I remember a great quote from the Cosby show:
Claire Huxtable (the mom) said something to the effect of "your father and I are not rich. We work very hard for our money. You are rich only if your money works for you."

If you have to wake up every morning and go to work, attend meetings, and brave traffic, is it any wonder why people don't feel rich. Of course it's subjective. You could quit, move somewhere cheaper, and live off of the interest/dividends of the money you've amassed. However I'd venture to say most people in the U.S. don't want to sacrifice to feel rich because it goes against what they understand rich to be: no sacrifices.

You're rich when you can support the lifestyle of your preference indefinitely without the need for earned income.
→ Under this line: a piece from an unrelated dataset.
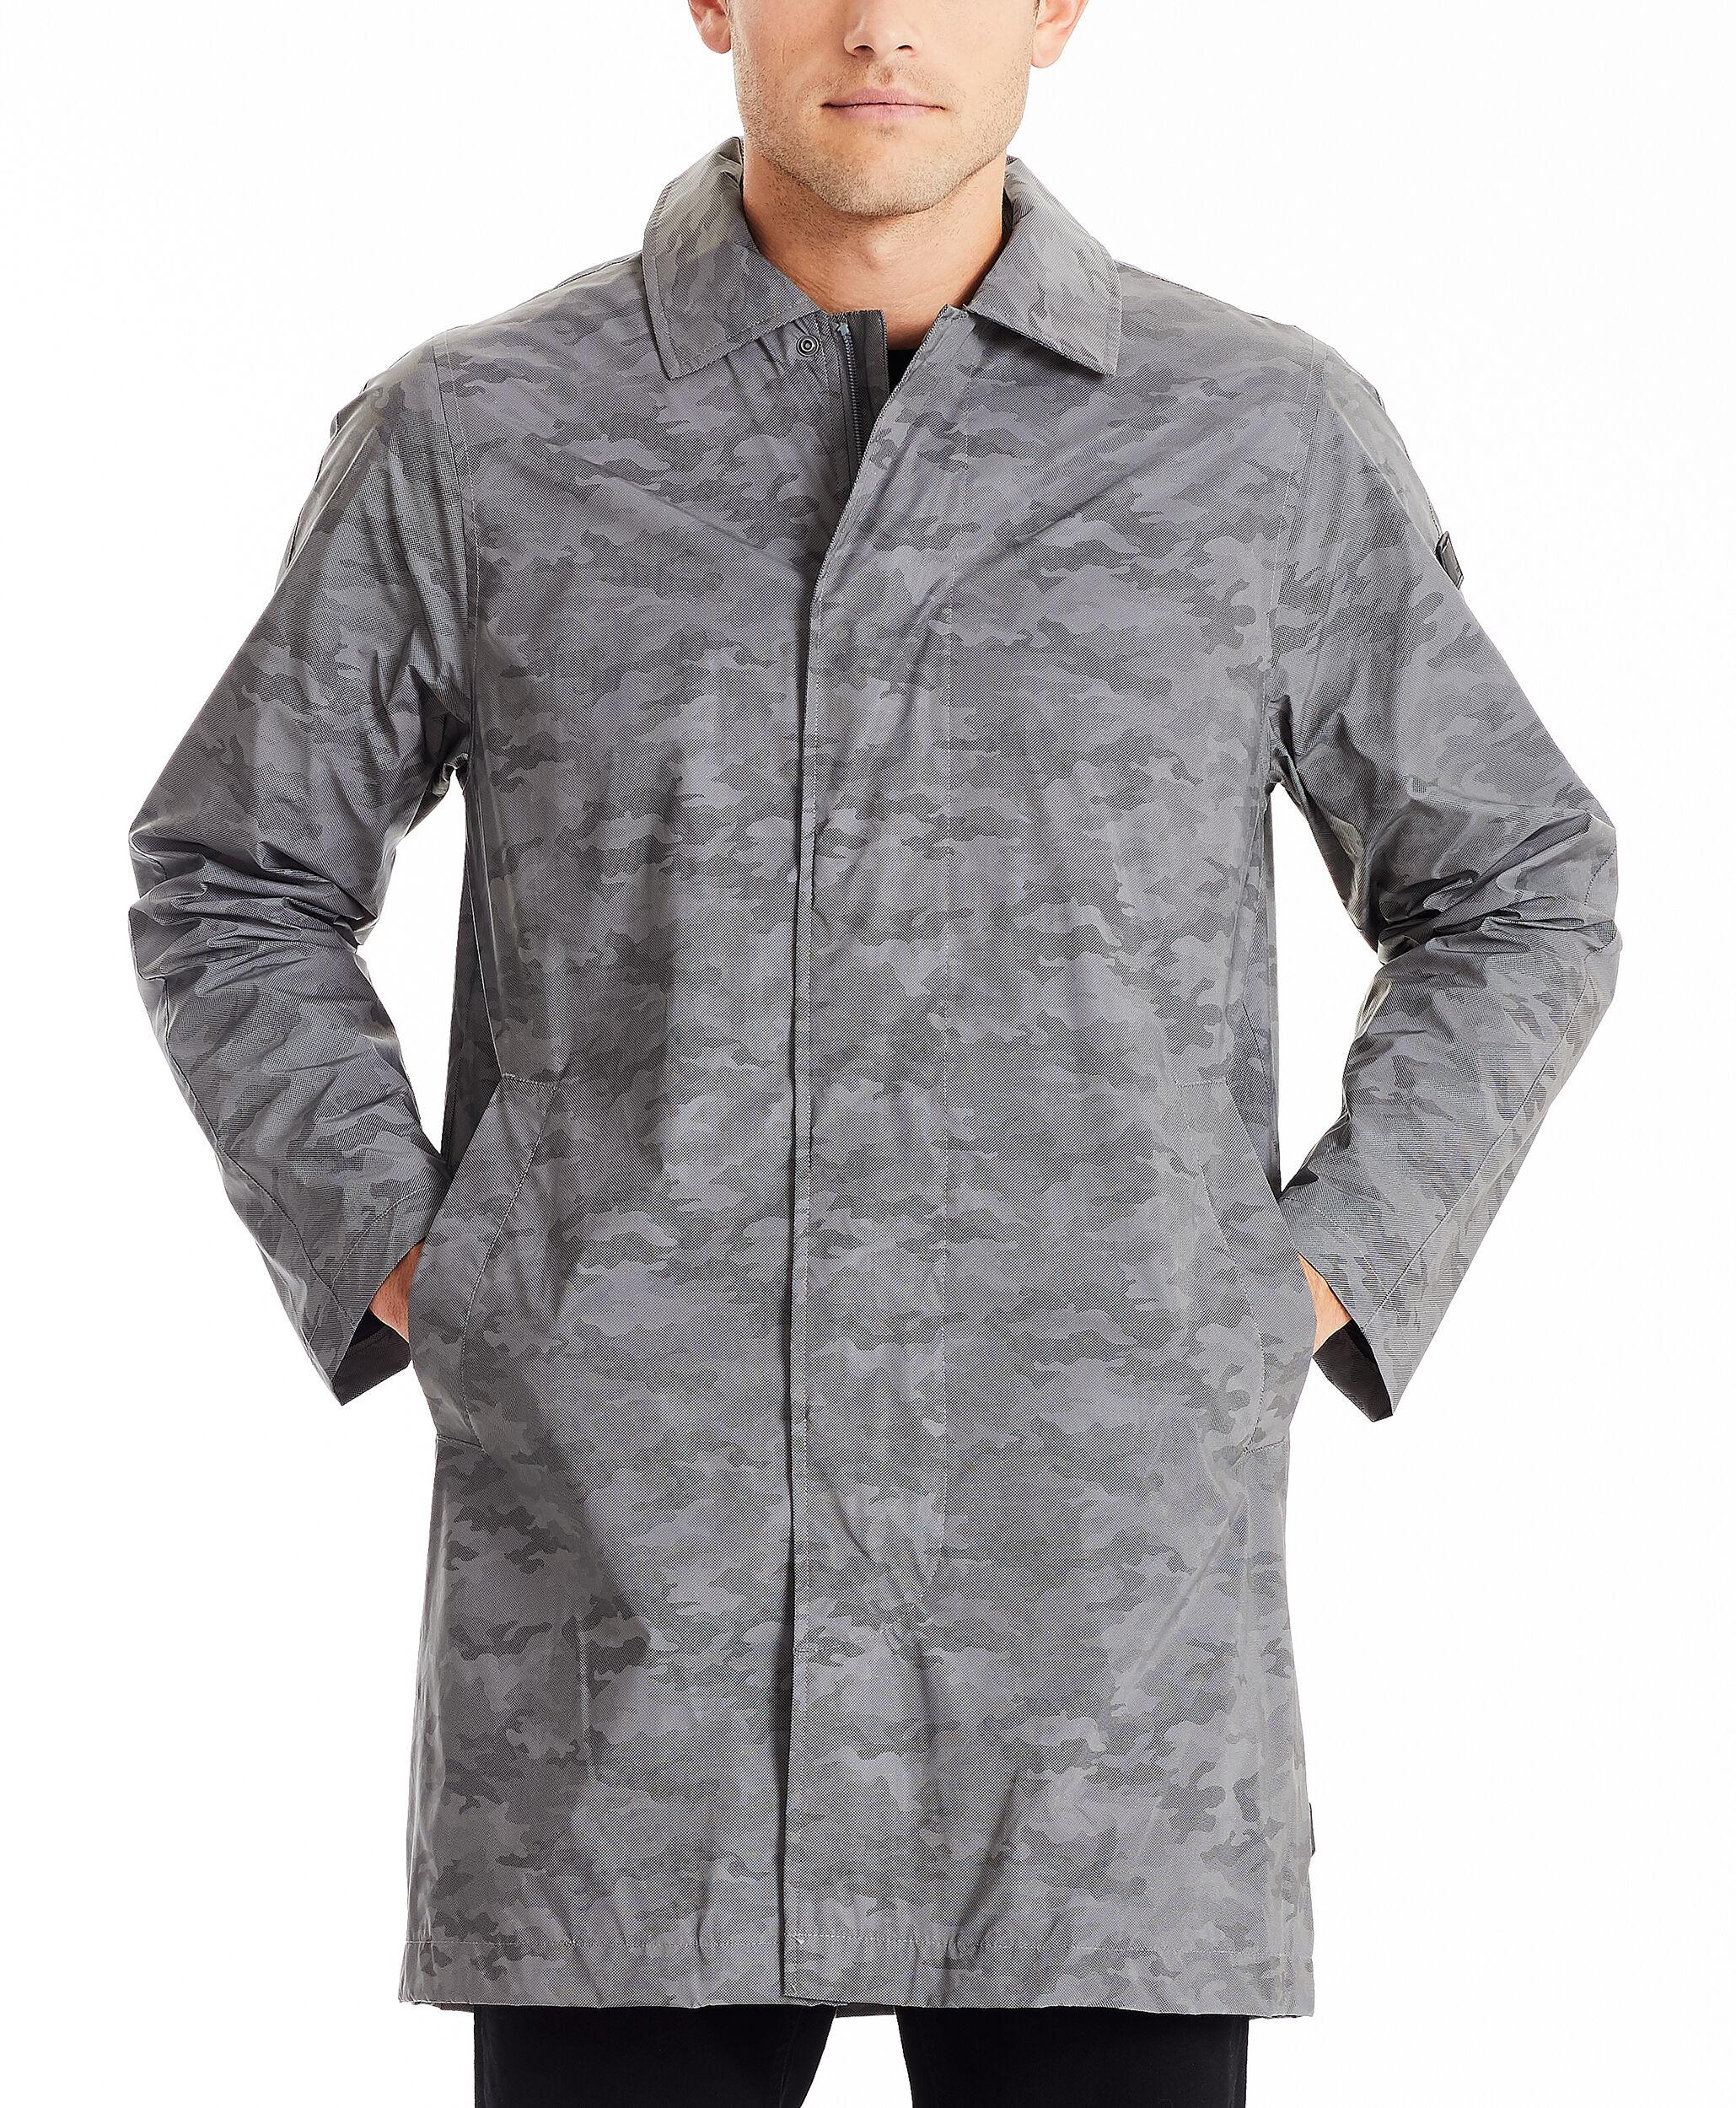 Reflektierende Outerwear Regenjacke Für Tumipax Herren 453qARjL

You don't have to _actually_ quit working to qualify, but as long as doing so would mean either dipping into capital and savings (which isn't sustainable in the long term) or cutting back drastically on your lifestyle, you're not rich.

By that standard, I'm about 2 years away from being rich, and staying on autopilot ought to get me there. Which is pretty darned good for someone who, as recently as 2003, was dead broke.

The wealthiest person is not he who has the most but he who needs the least.

Obviously, "rich" is relative to cost of living in your area... But if two people have the same income and one buys a five-year-old car from a private seller, only gets liability insurance on it, buys off-brand food, gets housing with relatively low monthly payments, etc, while one has to feed five kids and a stay-at-home parent, put the kids through college, pay the mortgage of a big house, own two cars that were bought new from a dealership, they're going to feel differently about their money situation. Some of that is unavoidable (feeding the kids), some isn't (expensive cars).